▶ Information shown:
————————
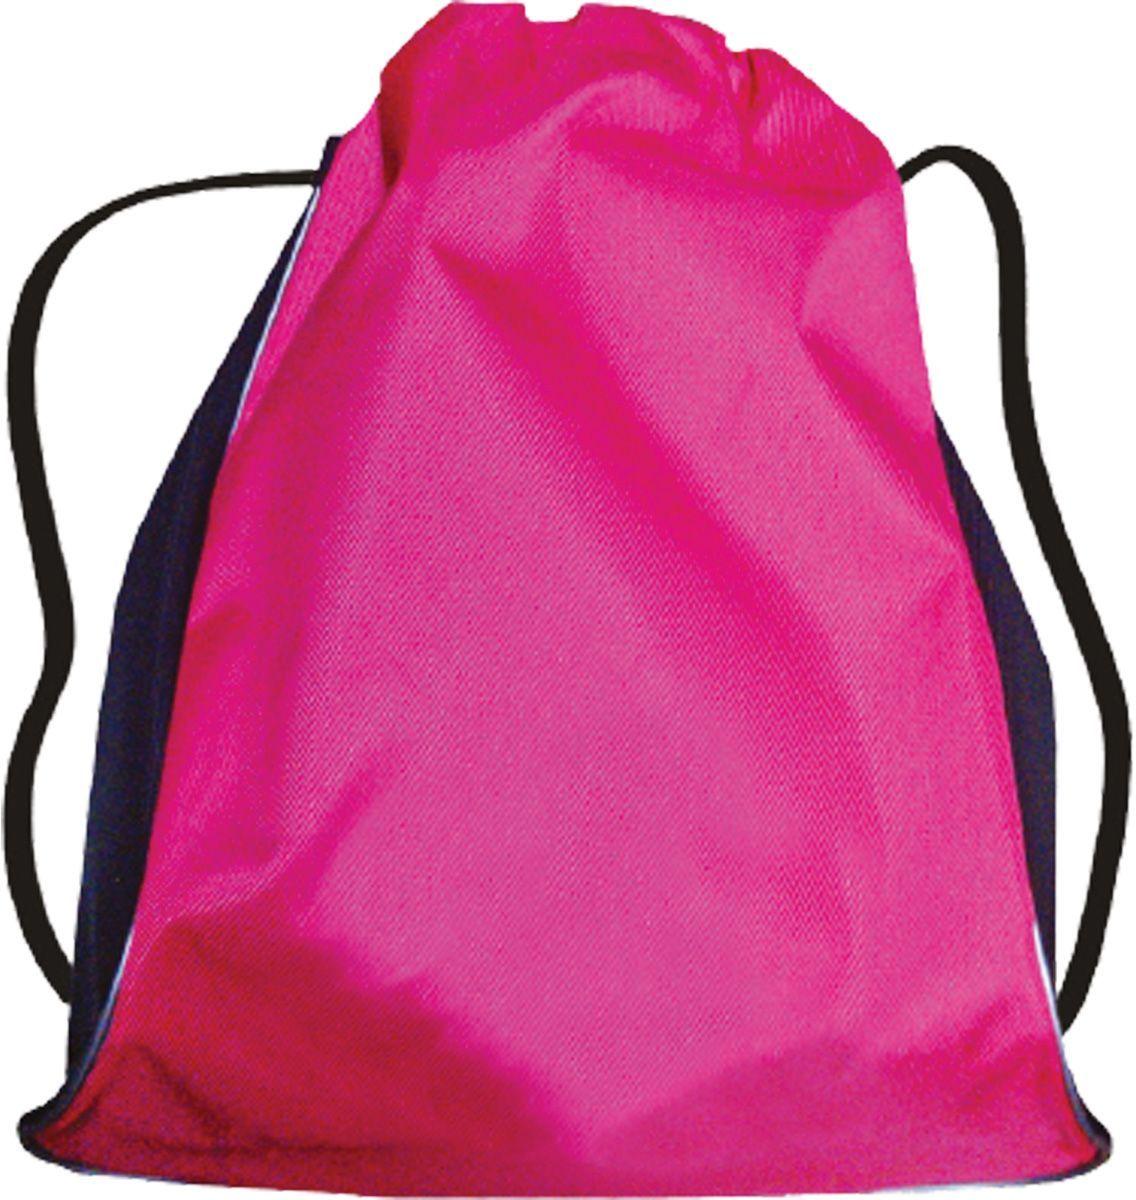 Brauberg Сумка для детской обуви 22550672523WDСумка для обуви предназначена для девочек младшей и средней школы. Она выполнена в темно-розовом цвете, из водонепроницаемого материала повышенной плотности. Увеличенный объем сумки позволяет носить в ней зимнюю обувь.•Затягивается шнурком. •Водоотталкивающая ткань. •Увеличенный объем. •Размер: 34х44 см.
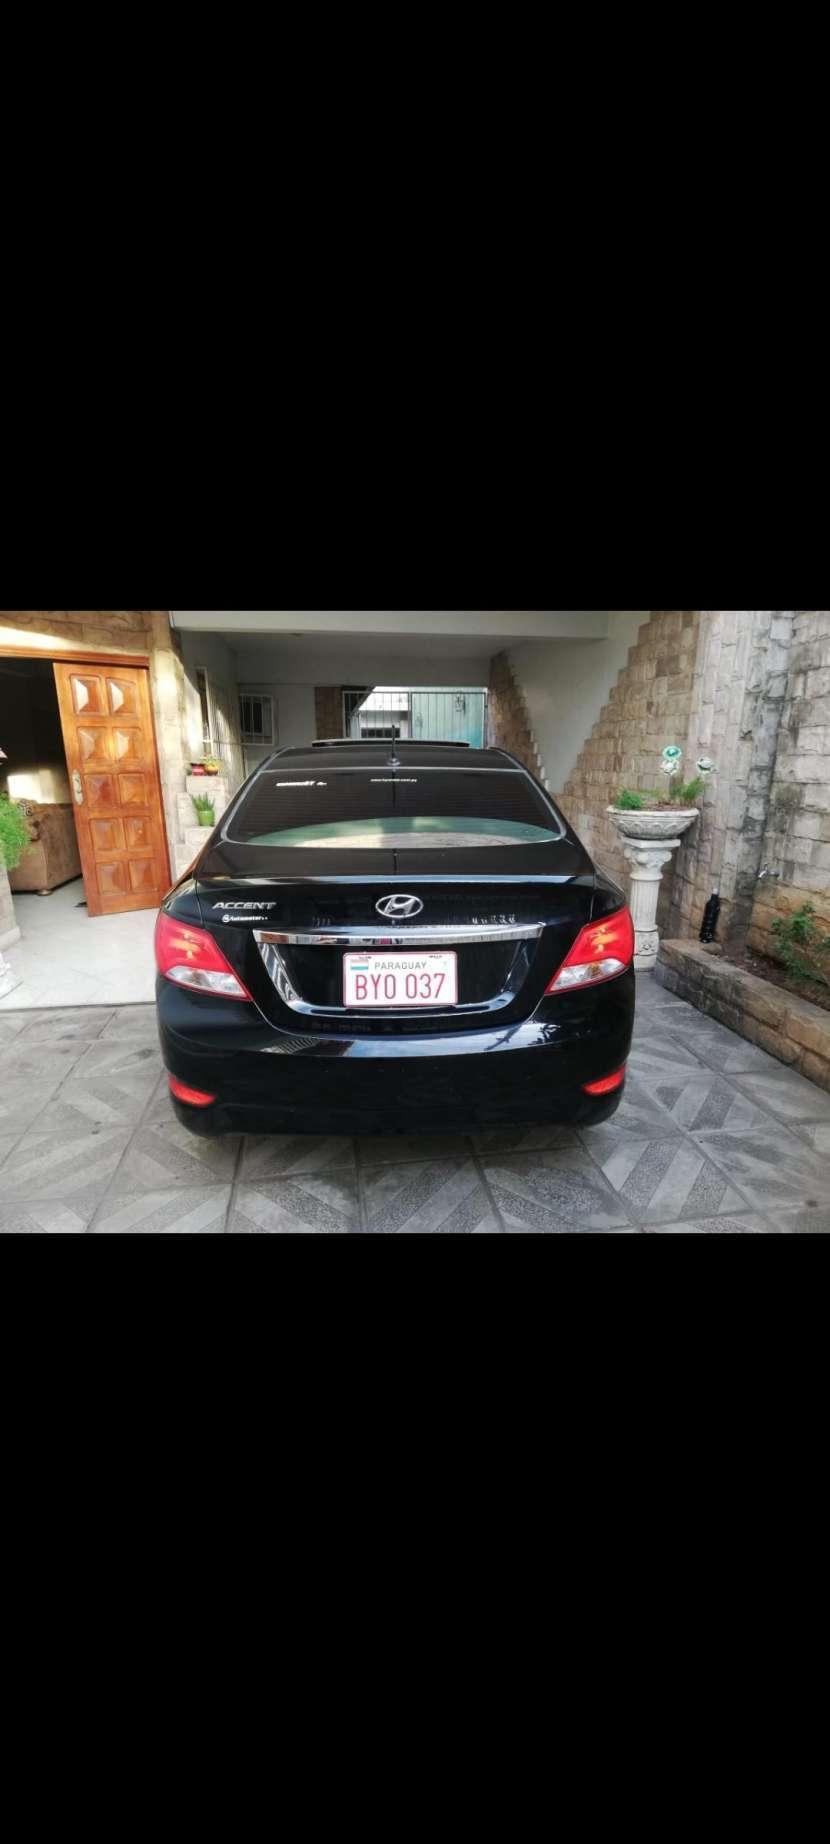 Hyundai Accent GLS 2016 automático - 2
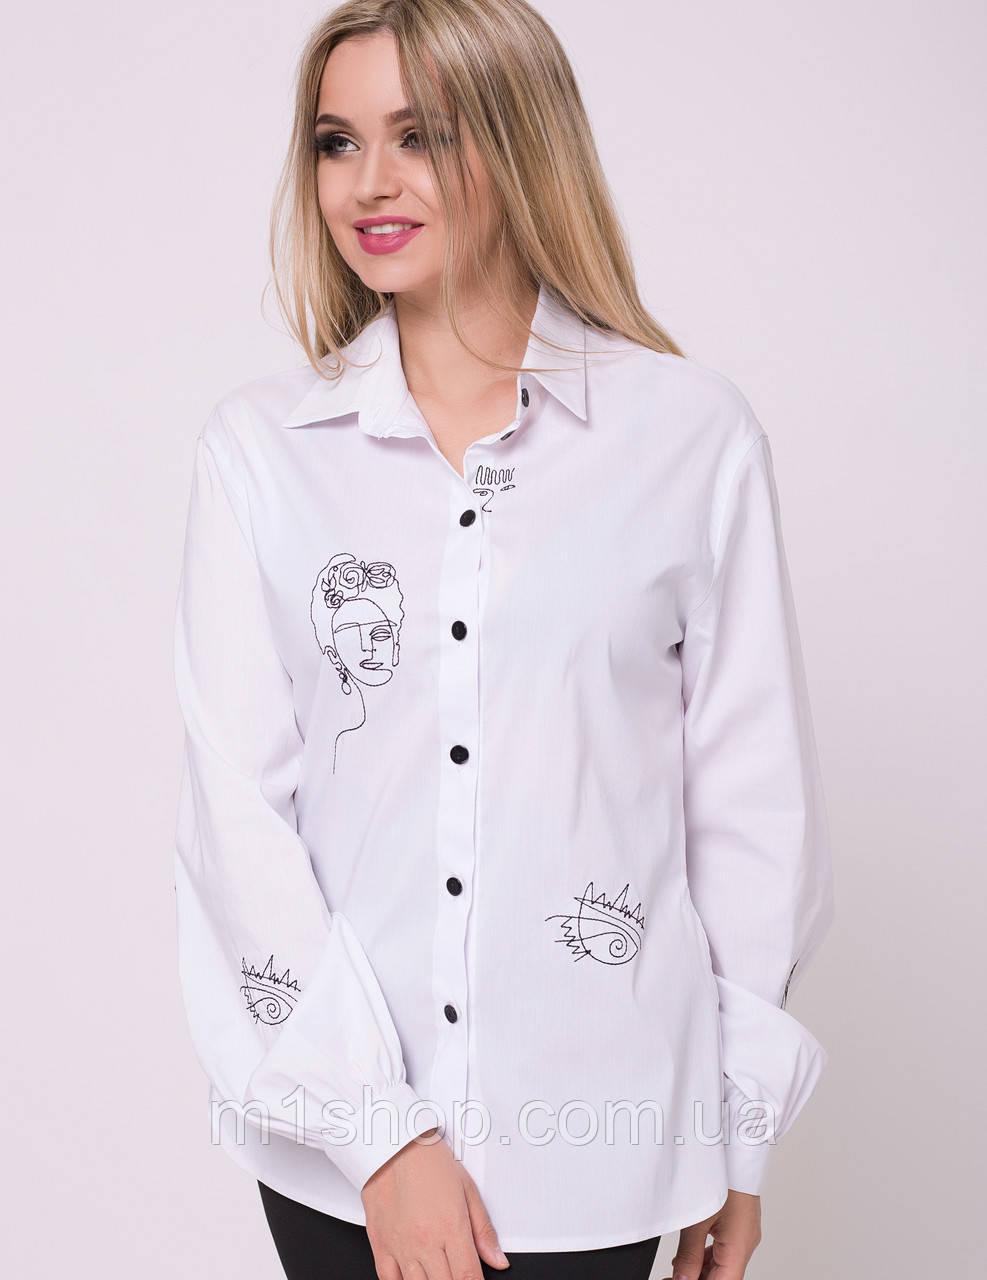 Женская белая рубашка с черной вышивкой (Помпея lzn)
————————
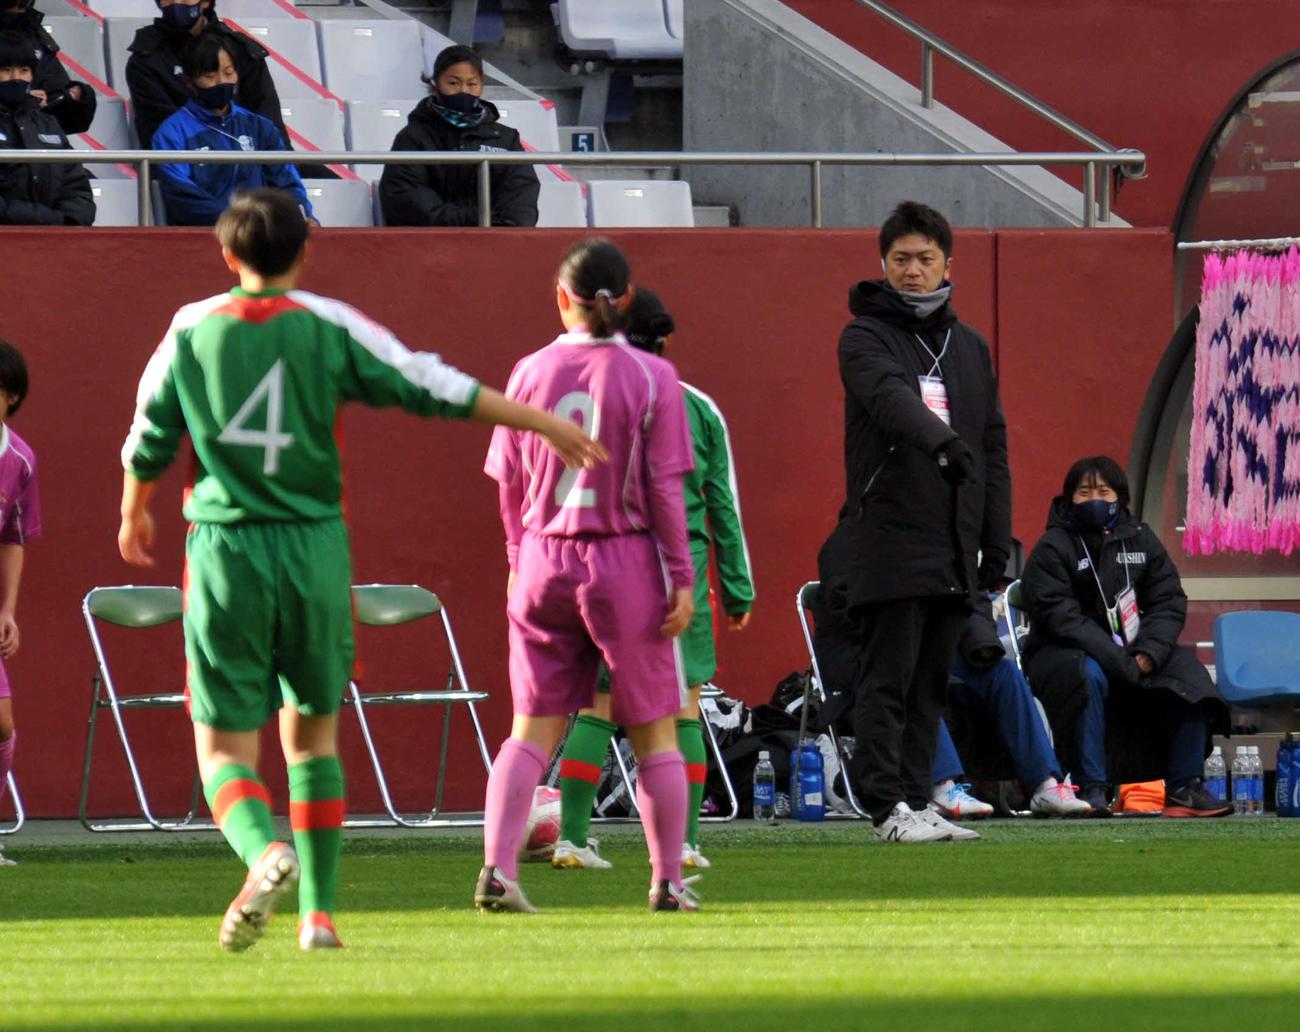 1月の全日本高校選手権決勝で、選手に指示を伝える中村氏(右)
————————
▶ The problem:
Keep to the lines above from the line with "Hyundai Accent GLS 2016 automático - 2" to the line with "Женская белая рубашка", and set down exactly those, inclusive, with nothing else and every picture left out.

▶ The completed task:
 Hyundai Accent GLS 2016 automático - 2
 Женская белая рубашка с черной вышивкой (Помпея lzn)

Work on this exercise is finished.